New data is easily added to the table. Just add a new Avro file to the corresponding HDFS directory and Hive will automatically pick it up. With Impala, call REFRESH <table-name>; to notify Impala about arrival of new data.
Hive data partitioning is well supported so you can optimize for query performance.
Dropping external Hive table does not delete data from HDFS. Small thing, but very handy.

Ingestion: From OData XML to an Avro Hive table #

Here are detailed steps how we get that data from DataMarket into Hive.

Step 1: Download the dataset as XML files, in a standardized OData format #

DataMarket publishes datasets as XML. Each XML follows the same OData schema (checkout the example XML with cars data). DataMarket provides this data via a REST interface, which supports various query parameters. Using the parameters, you control the subset of data you want to download.

Since the car dataset that we are interested in is about 15 GiB large, filtering proved very useful for our purposes.
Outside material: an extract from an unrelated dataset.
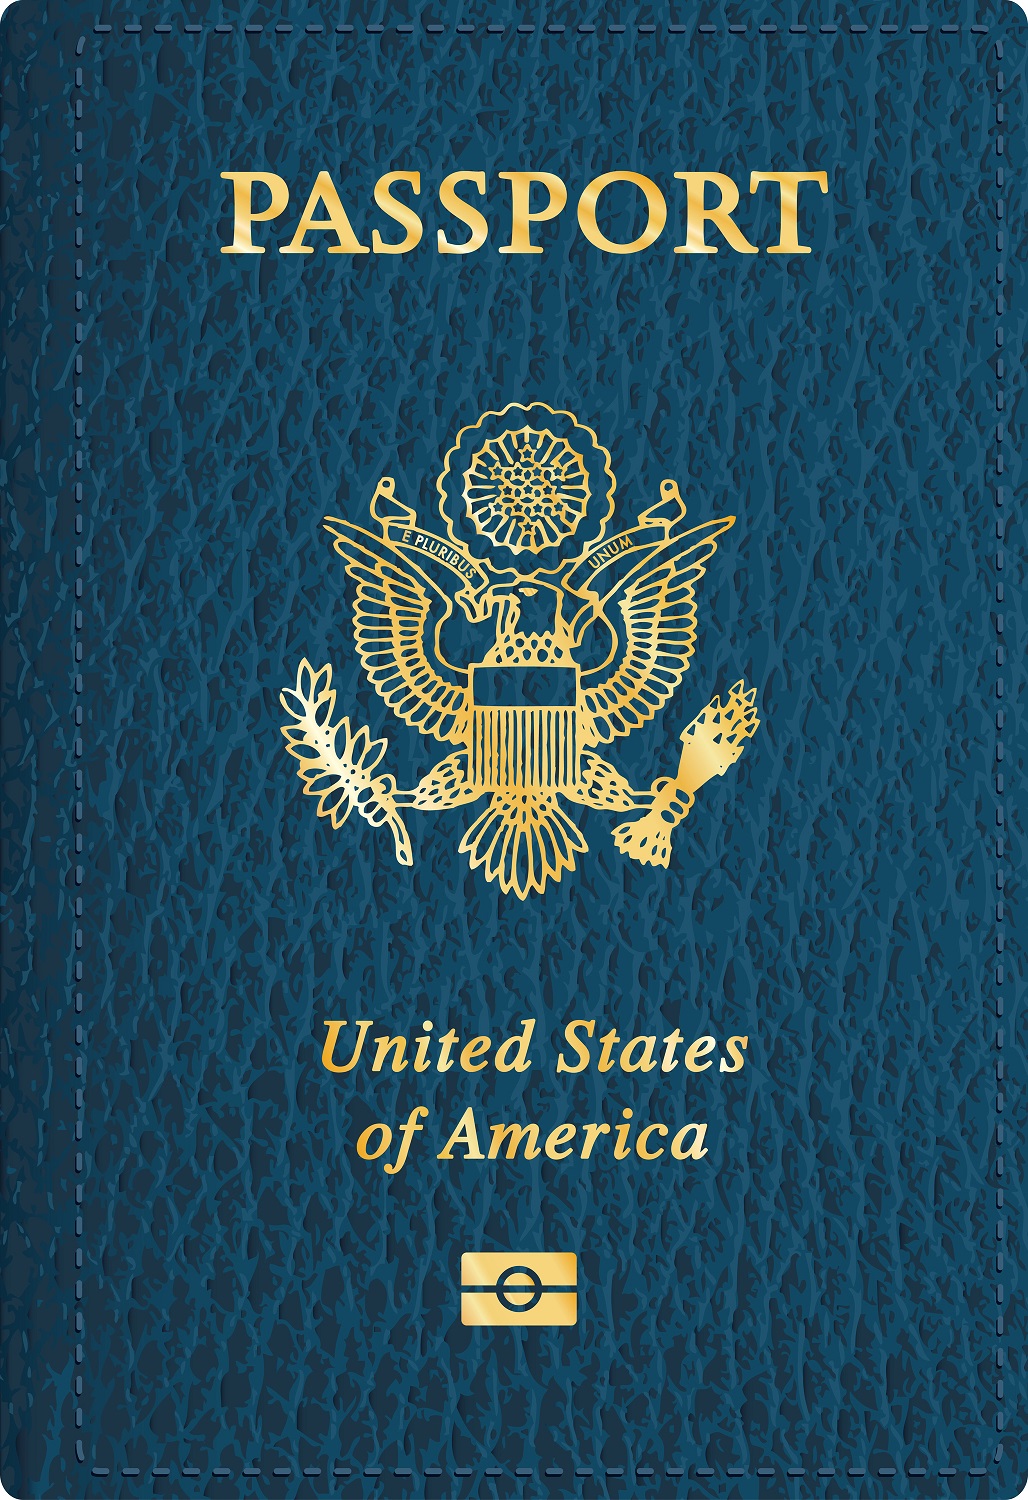 us passport renewal address
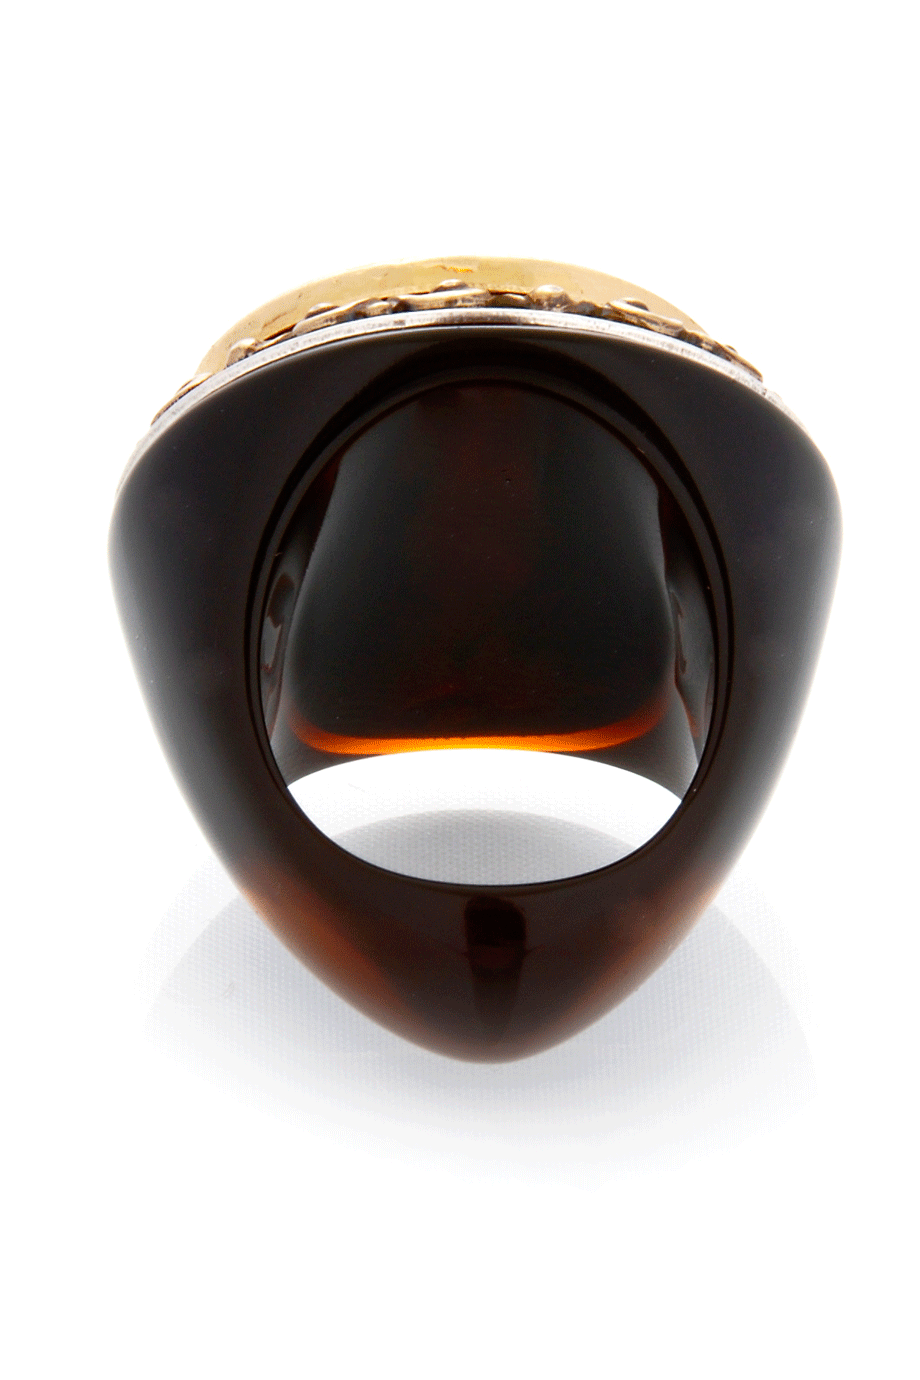 Archaic  Καφέ Μπρονζέ Δαχτυλίδι - Ringseclectic | Κοσμήματα Δαχτυλίδια | Archaic Brown Bronze Ring

With the $filter, $top and $inlinecount parameters and a bit of curl and Bash, it is straightforward to download the whole dataset into files cars_2000.xml till cars_2015.xml, where the number indicates the year where a car was registered in Netherlands.

Step 2: Convert the dataset into Avro, using `odata2avro` utility #

To convert an XML file in OData schema to Avro, we created a Python command-line tool called odata2avro which does all the heavy lifting for you.

Just install the tool with pip install odata2avro and use it as follows:

$ odata2avro cars_2013.xml cars.avsc cars_2013.avro

This command reads an XML file cars_2013.xml and creates two files:

cars.avsc - an Avro schema, in json, describing the dataset,
cars_2013.avro - a binary Avro file containing the dataset from the XML.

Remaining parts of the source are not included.